* Your objective *
Would you please transcribe the listing exactly, with no images?

* Dataset content *

######

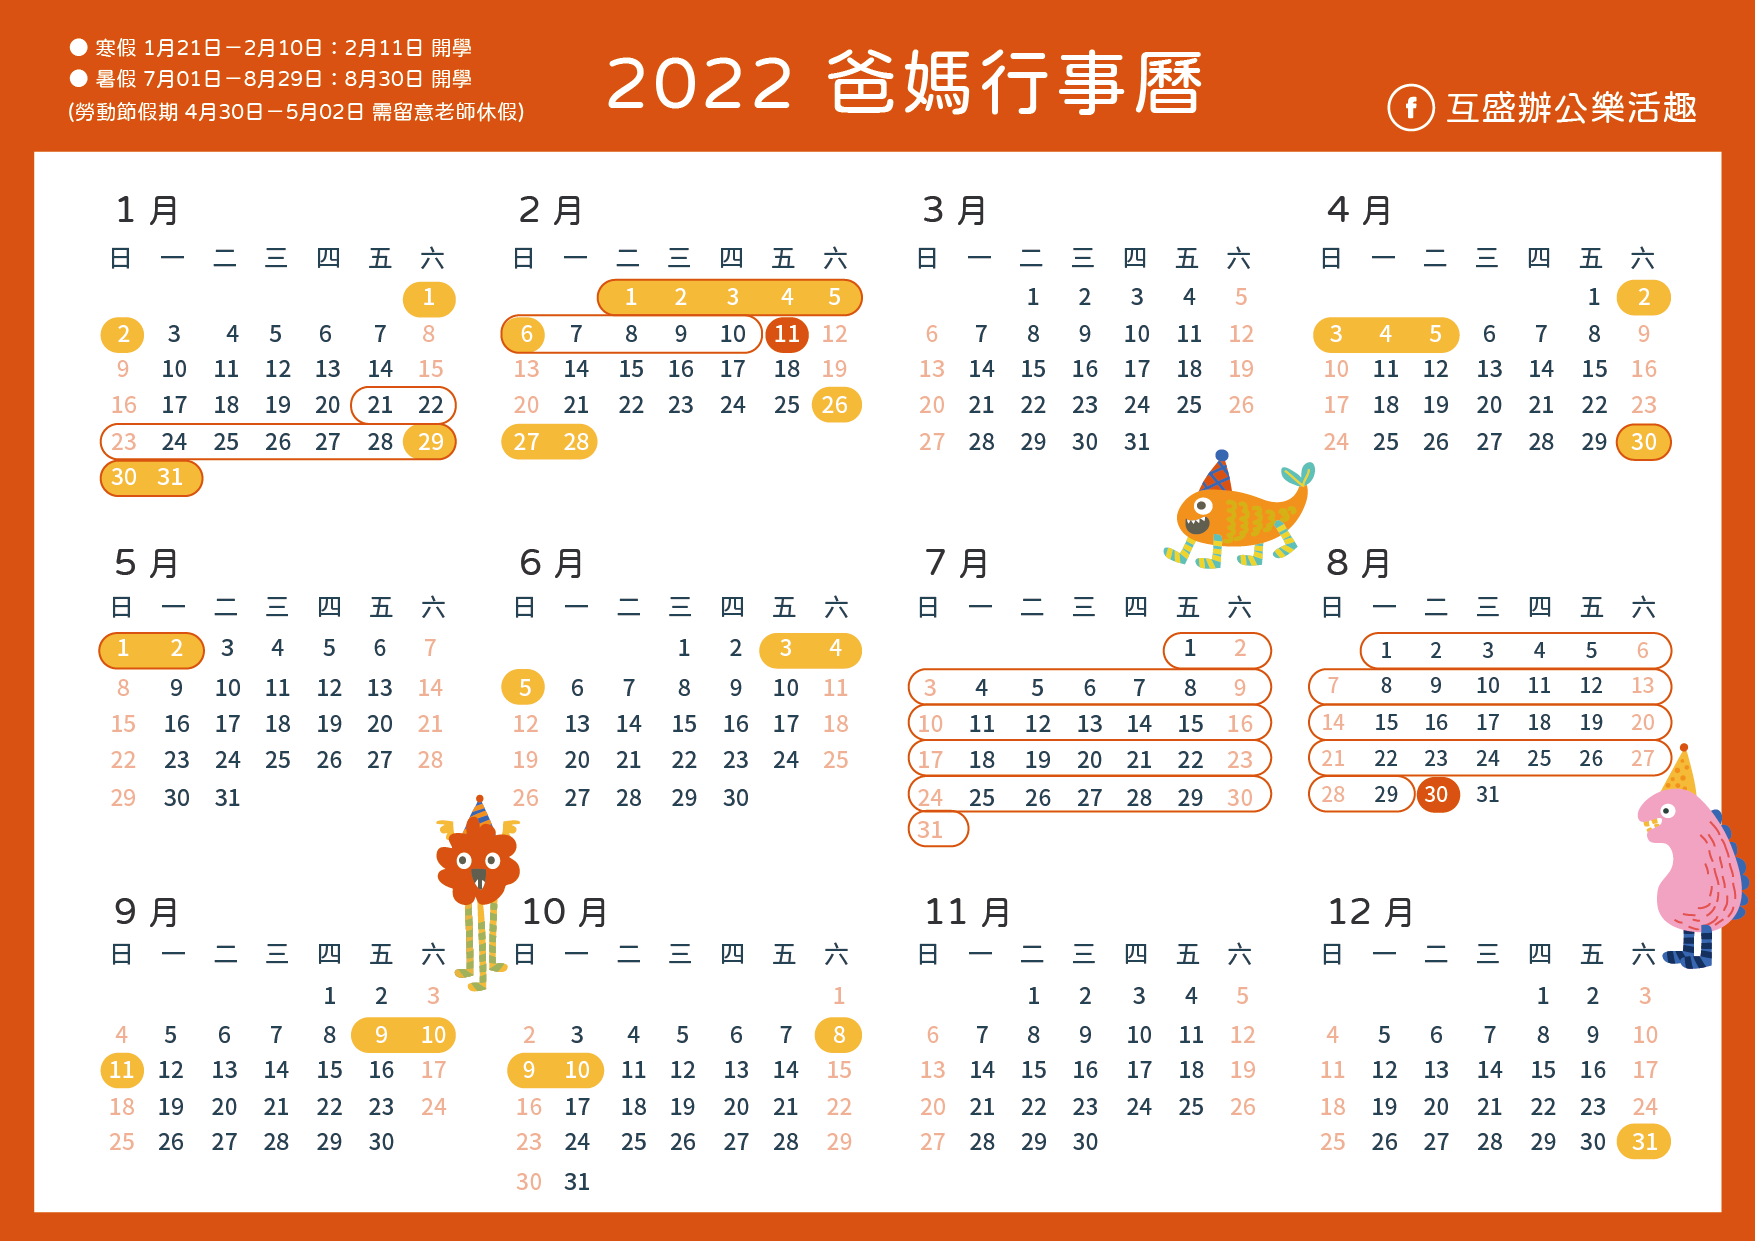 2022行事曆_2022連假行事曆下載_小學生寒暑假_國中生寒暑假_行事曆_2022_calendar
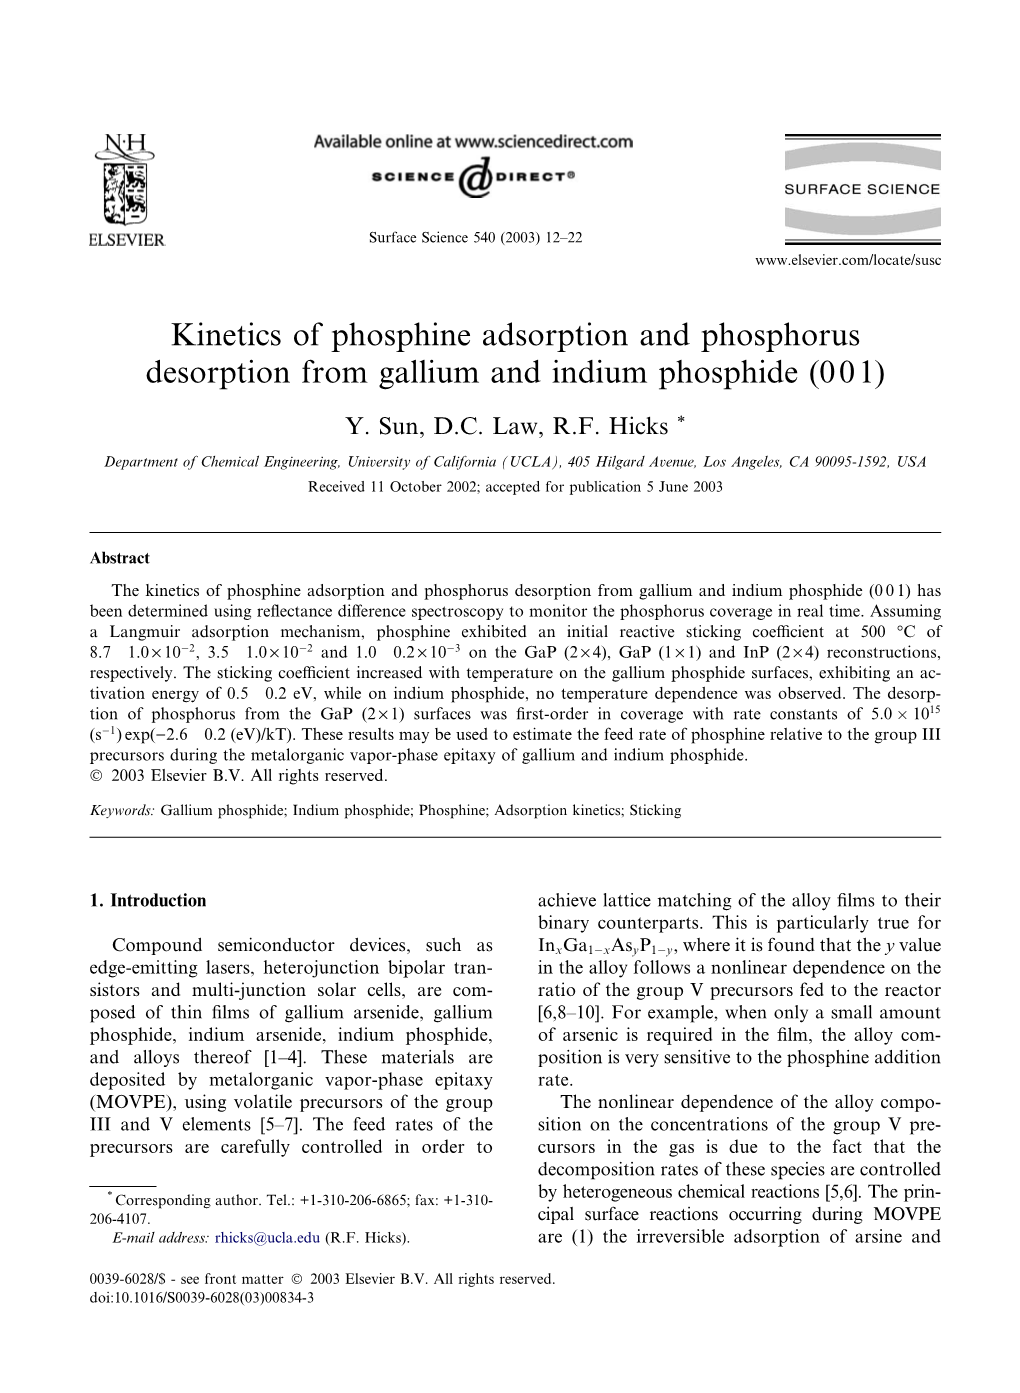 Kinetics of Phosphine Adsorption and Phosphorus Desorption from Gallium and Indium Phosphide (001)
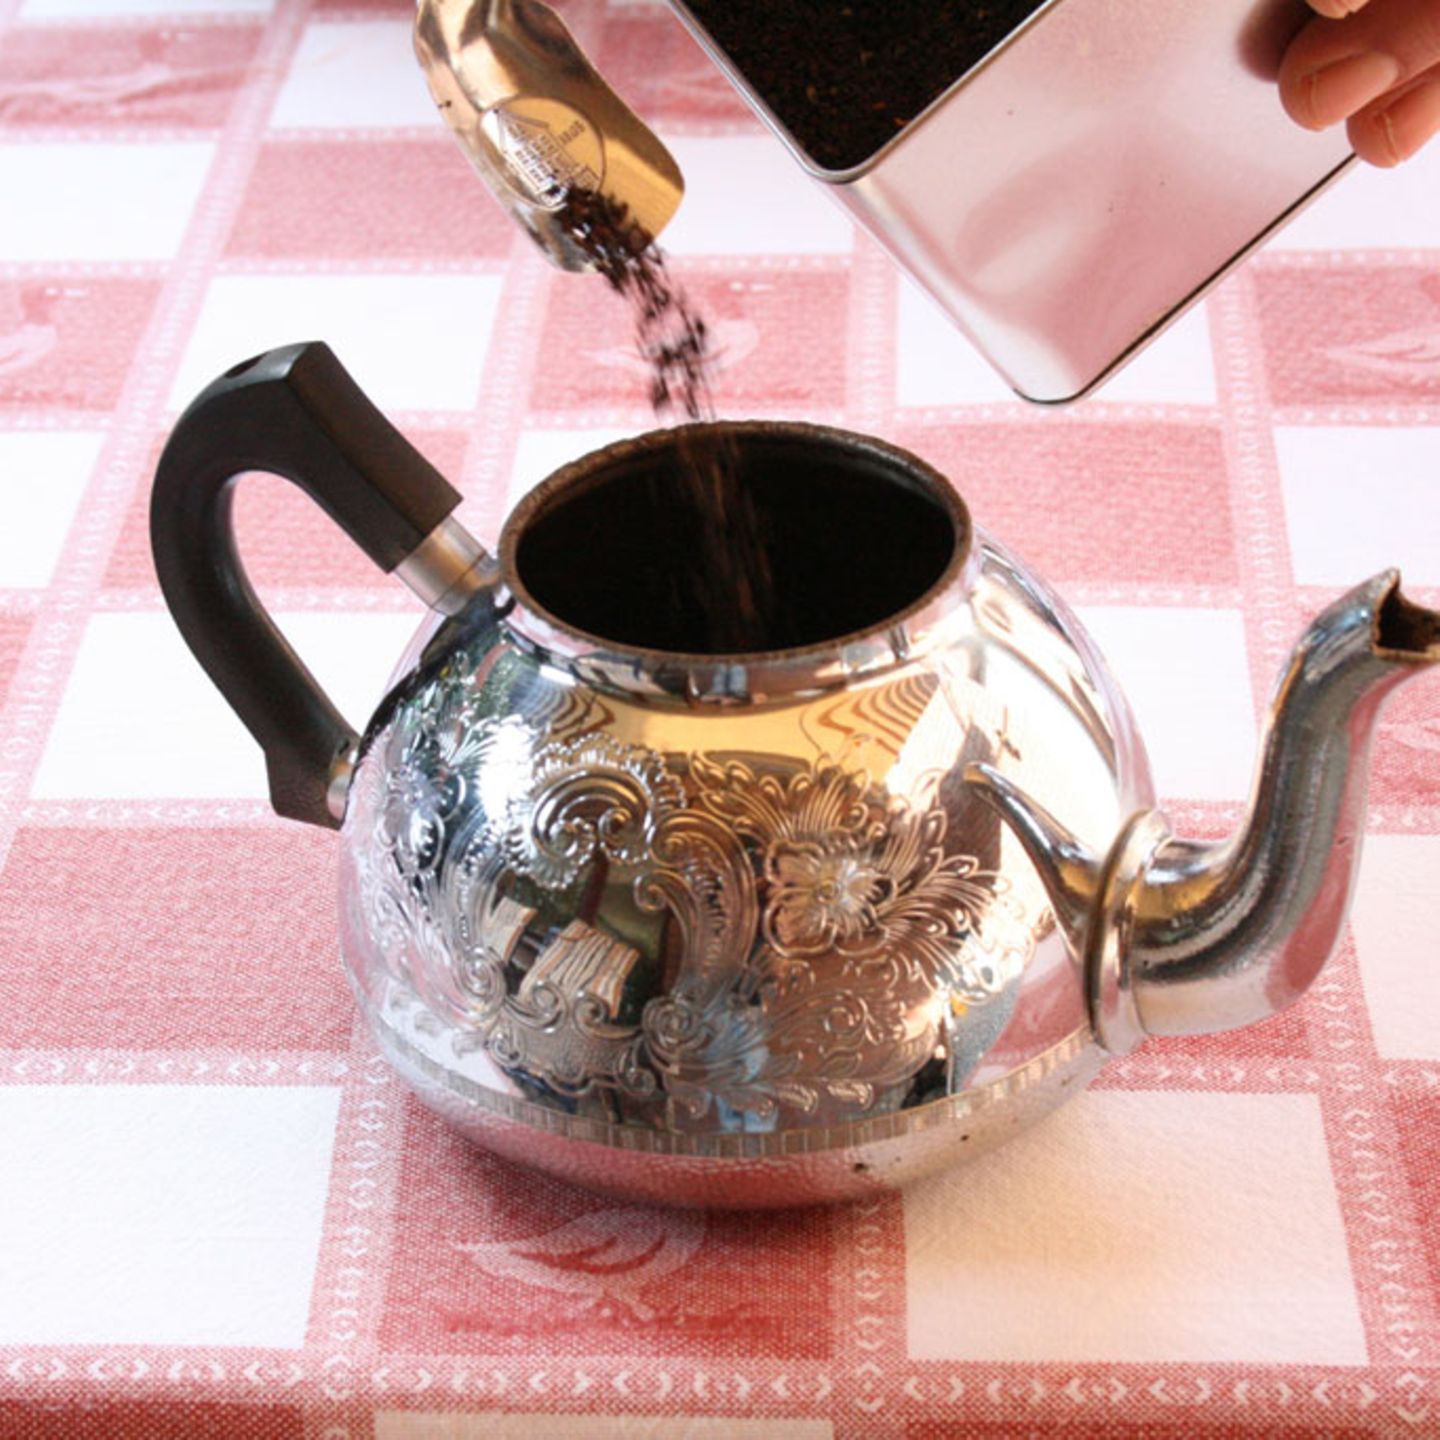 Zunächst wird die Kanne (Trekkpott) durch Ausspülen mit kochendem Wasser angewärmt, damit der Tee auch wirklich heiß ist. Danach wird der Tee in die Kanne gefüllt (pro Tasse einen kleinen ostfriesischen Teelöffel und am Ende einen Teelöffel für die Kanne).

######

* Exercise output *
 2022行事曆_2022連假行事曆下載_小學生寒暑假_國中生寒暑假_行事曆_2022_calendar
 Kinetics of Phosphine Adsorption and Phosphorus Desorption from Gallium and Indium Phosphide (001)
 Zunächst wird die Kanne (Trekkpott) durch Ausspülen mit kochendem Wasser angewärmt, damit der Tee auch wirklich heiß ist. Danach wird der Tee in die Kanne gefüllt (pro Tasse einen kleinen ostfriesischen Teelöffel und am Ende einen Teelöffel für die Kanne).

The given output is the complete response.